- **Task**:
When writing out the entries below, keep only the lines from the line with "keychain with old keys" to the line with "RT @rowen_nick: #streetart", both included, exactly as they are, and leave the pictures aside.
(Records for processing Opens)
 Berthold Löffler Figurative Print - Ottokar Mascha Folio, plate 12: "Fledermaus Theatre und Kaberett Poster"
(Records for processing Closes)
(Records for processing Opens)
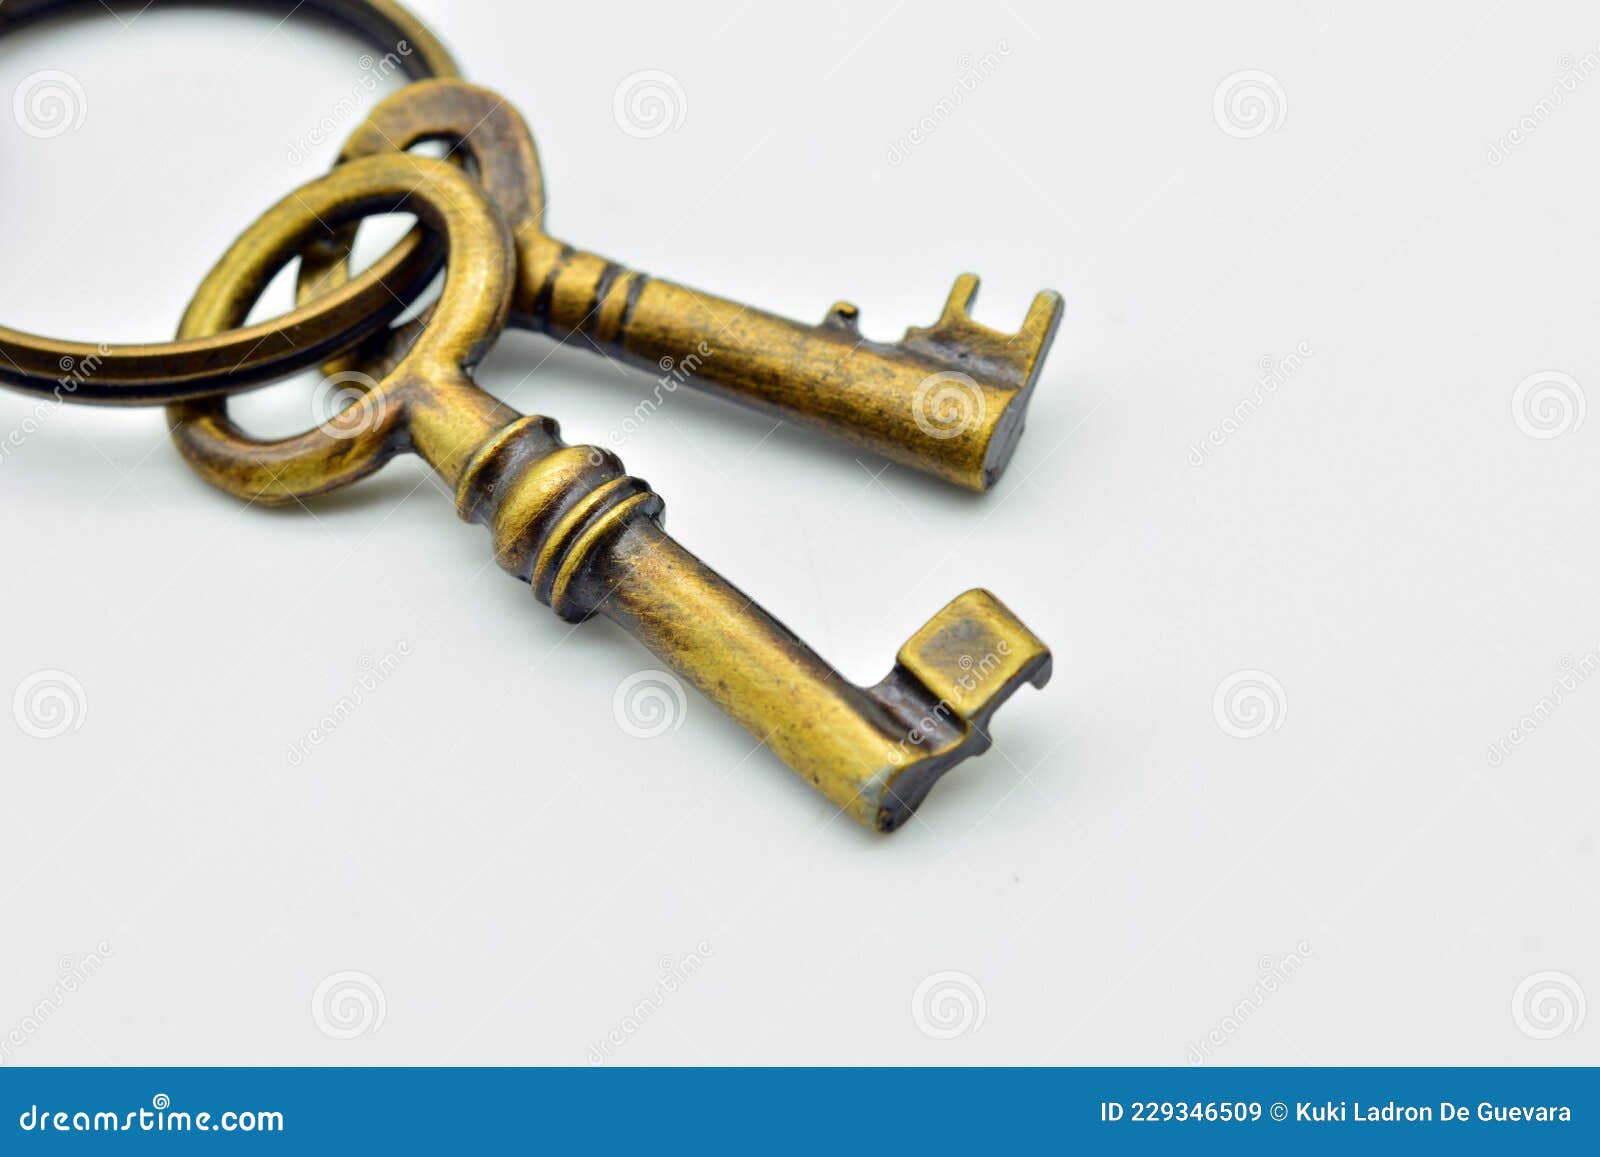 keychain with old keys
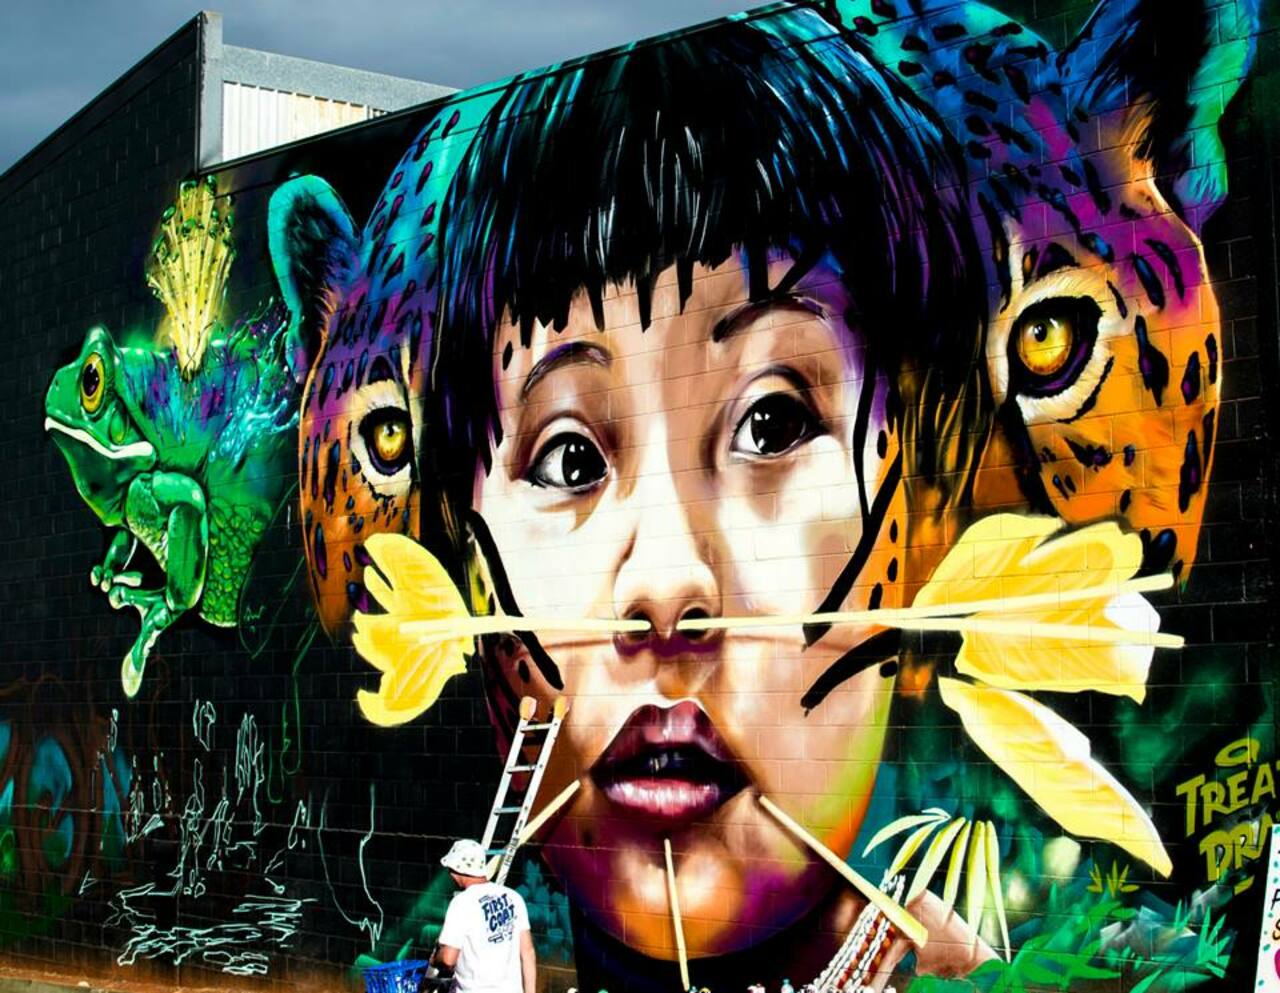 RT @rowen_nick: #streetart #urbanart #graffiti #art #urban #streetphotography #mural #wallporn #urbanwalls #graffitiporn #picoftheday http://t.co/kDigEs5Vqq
(Records for processing Closes)
- **Written response**:
 keychain with old keys
 RT @rowen_nick: #streetart #urbanart #graffiti #art #urban #streetphotography #mural #wallporn #urbanwalls #graffitiporn #picoftheday http://t.co/kDigEs5Vqq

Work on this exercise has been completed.